Instrumen APBN bekerja keras untuk menopang perekonomian dimana defisit APBN dapat melampaui batas maksimal 3%. Selain itu pemerintah pusat melakukan refokusing anggaran untuk menanggulangi dampak pandemik tersebut.
Dalam kondisi APBN yang berdarah-darah akibat hantaman pandemic covid-19 tersebut, pemerintah pusat tidak dapat serta merta melakukan intervensi terhadap pengelolaan keuangan daerah. Selain itu, belum ada kebijakan yang mengatur pengelolaan APBD apabila ada ancaman yang menyebabkan proyeksi dan target pendapatan nasional tidak tercapai.

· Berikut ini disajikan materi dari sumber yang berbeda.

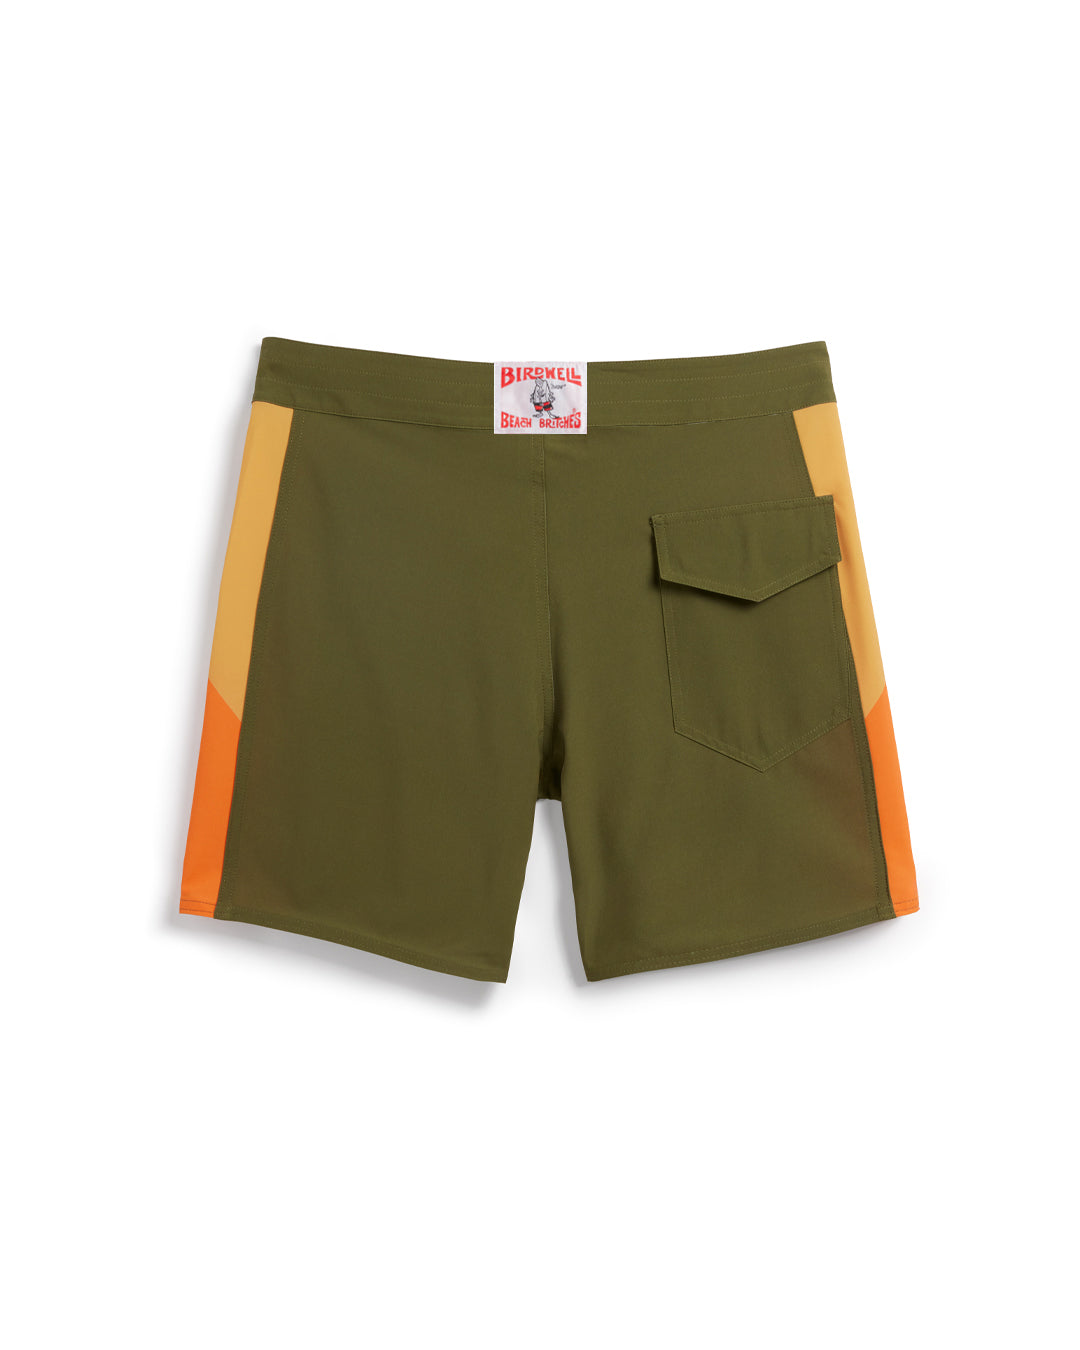 Board Shorts Handmade in the USA Since 1961 - Birdwell Beach Britches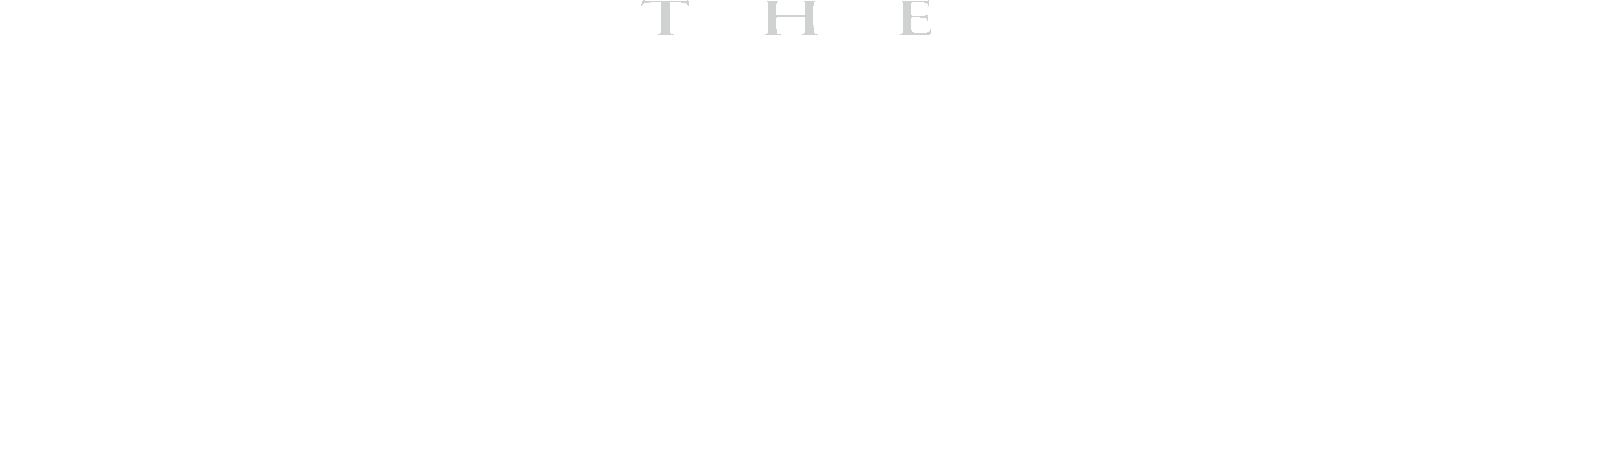 The Final Destination logo

Untuk menghadapi ancaman alam dan non-alam yang mengancam perekonomian nasional, perlu diatur secara jelas sinergi APBN antara APBD. Dimana sinergi kebijakan fiskal tersebut bertujuan untuk menyelaraskan kebijakan fiskal nasional dengan fiskal regional dalam terutama kondisi darurat untuk menjaga kesinambungan fiskal.
Penutup
Desentralisasi bertujuan menciptakan pemerataan kesejahteraan di seluruh pelosok Indonesia. Namun dalam kenyataannya, pelaksanaan otonomi dan desentralisasi fiskal selama ini masih belum optimal dalam menciptakan pemerataan pelayanan dasar.
Pelayanan kesehatan dan pendidikan yang berkualitas serta ketersediaan infratruktur layanan publik lainnya seharusnya dapat dirasakan secara adil dan merata oleh setiap warga negara dari Sabang sampai Merauke, dari pulau Miangas sampai pulau Rote.
Pemerintah menetapkan UU Nomor 1 tahun 2022 tentang HKPD sebagai upaya untuk mempertajam pelaksanaan desentralisasi fiskal. UU HKPD akan mendorong pemda dalam melakukan optimalisasi penerimaan daerah dan men-direct pemda dalam meningkatkan kualitas belanja daerah.
Selain itu, pemerintah mencoba memastikan agar seluruh APBD dapat dilaksanakan menuju arah yang sama dalam mencapai tujuan nasional. Dengan demikian harapannya ialah semua warga negara dapat merasakan dan menikmati layanan publik yang berkualitas di seluruh wilayah republik Indonesia.
Pertanyaan berikutnya ialah sejauh mana UU HKPD berimplikasi terhadap akselerasi pemerataan layanan dasar ke setiap sudut dan pinggiran wilayah kesatuan Republik Indonesia?